After watching a pair of Korean movies set during Japanese occupation, the next movie I got to watch is incidentally a Chinese movie set during Japanese occupation.  Titled Railroad Tigers, it’s about a railroad worker named Ma Yuan (Jackie Chan) who leads a small band of ragtag, train-raiding freedom fighters.  Unarmed and outnumbered, they rely on their wits, use makeshift weapons like hammers and tobacco pipes, and employ the element of surprise.  One day, a dying Chinese soldier entrusts to them a daring and dangerous mission that is critical to the war effort, a mission that they are unlikely to come out alive from.

Railroad Tigers is a better movie than the previous Jackie Chan movie I’ve watched this year, Kung Fu Yoga.  In comparison to the latter, the former is more coherent, clear-cut, and visually good-looking.  But it’s still a mess though.  The narrative is muddled, and the pacing is distractingly jagged.  Overall, I like Railroad Tigers more than Kung Fu Yoga (and even last year’s Skiptrace).  But, ironically, the insanity of the latter makes it more notably entertaining than the former, though in the “so bad, it’s good” kind.

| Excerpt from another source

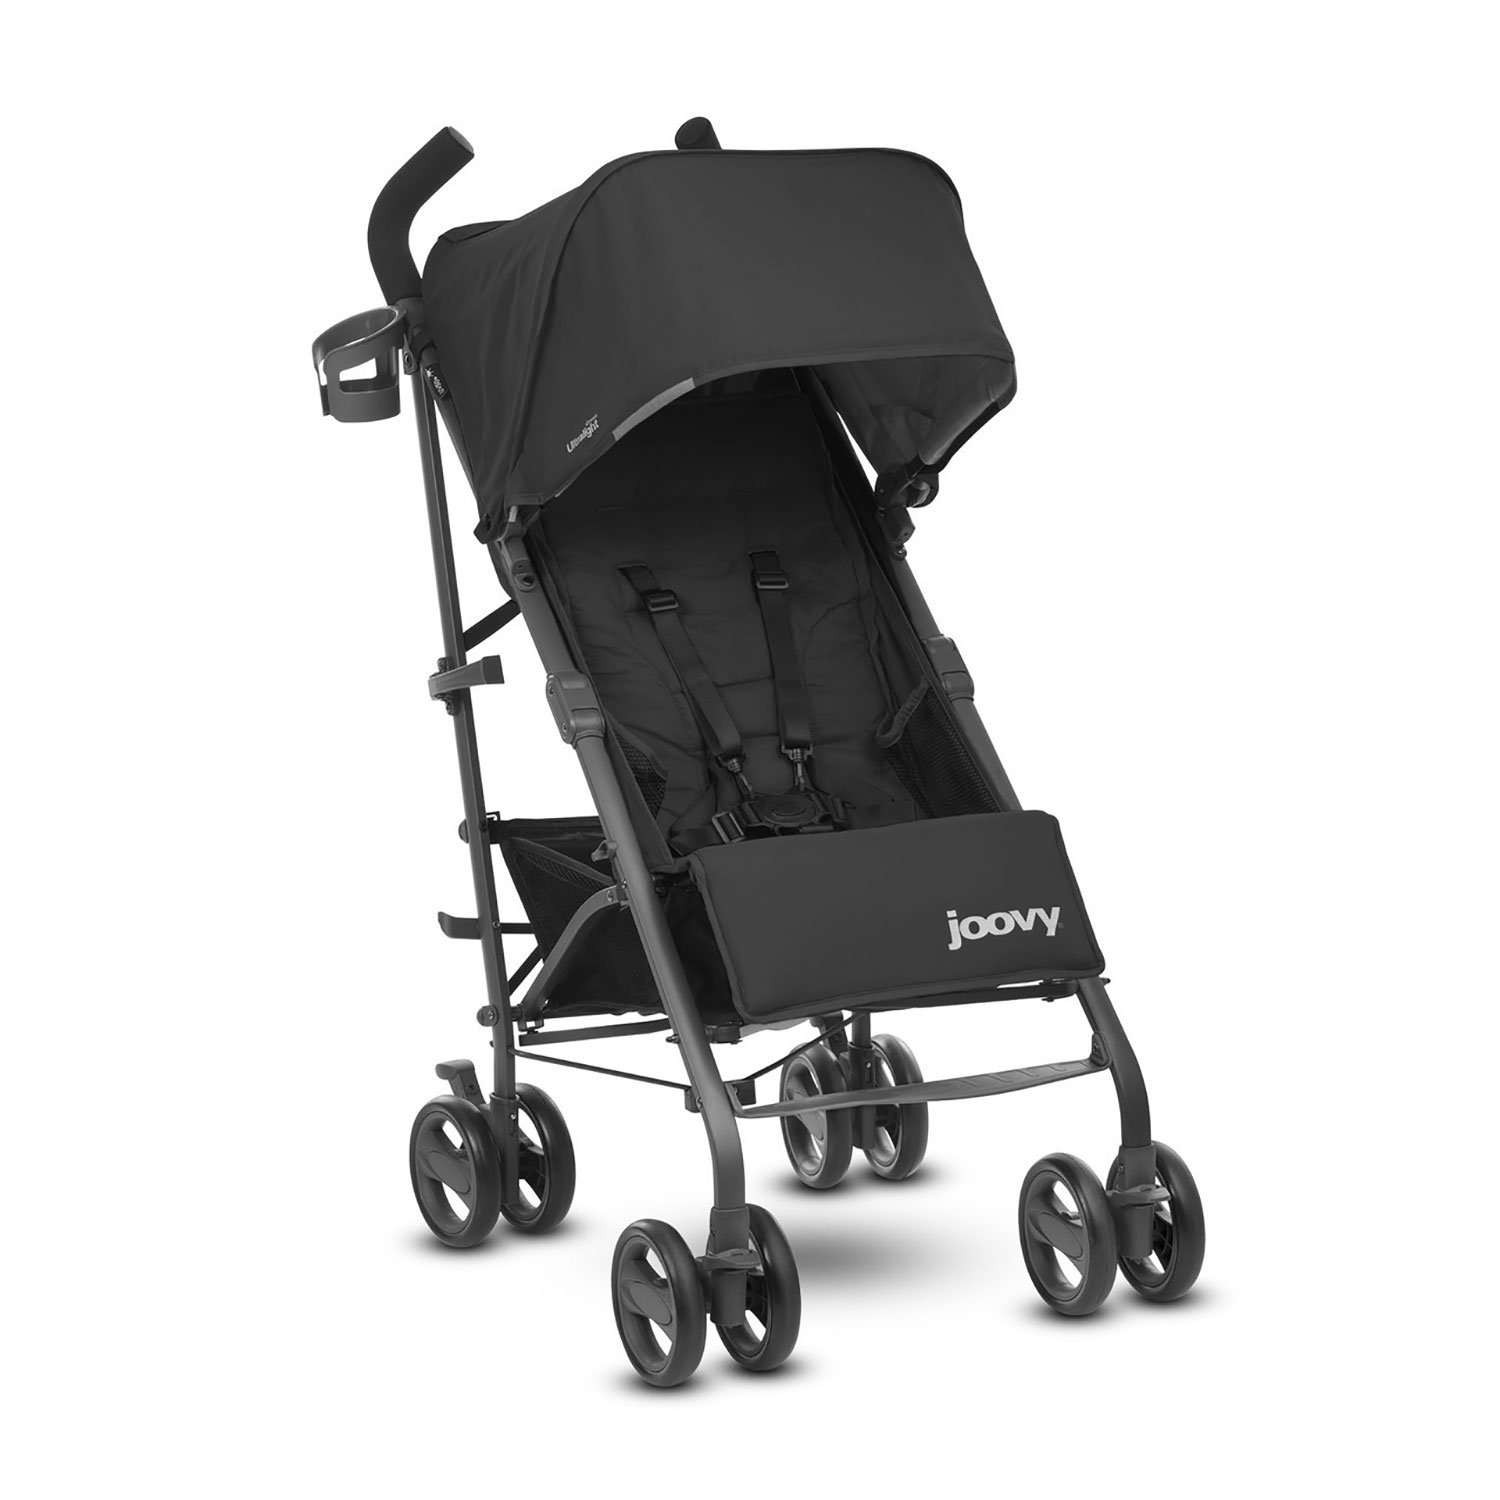 Joovy Groove Umbrella Stroller, Solid Print Black - image 1 of 6

As an action comedy, it delivers its share of fun, solid action set pieces, and there are moments that got me genuinely laughing.  But they aren’t ample redeeming qualities to quite make up for its flaws.   And if somehow you are led to recollect the kind of action stunts, fight choreography, and physical comedy that Jackie Chan used to do in his peak, the movie only further suffers as a result.

In the end, Railroad Tigers still works as a nothing-better-to-watch source of entertainment.  And it’s Jackie Chan.  Even in the worse of movies, and even if he is no longer as great as he was before, his presence somehow still elicits a degree of delight, especially to those like me who grew up watching his movies.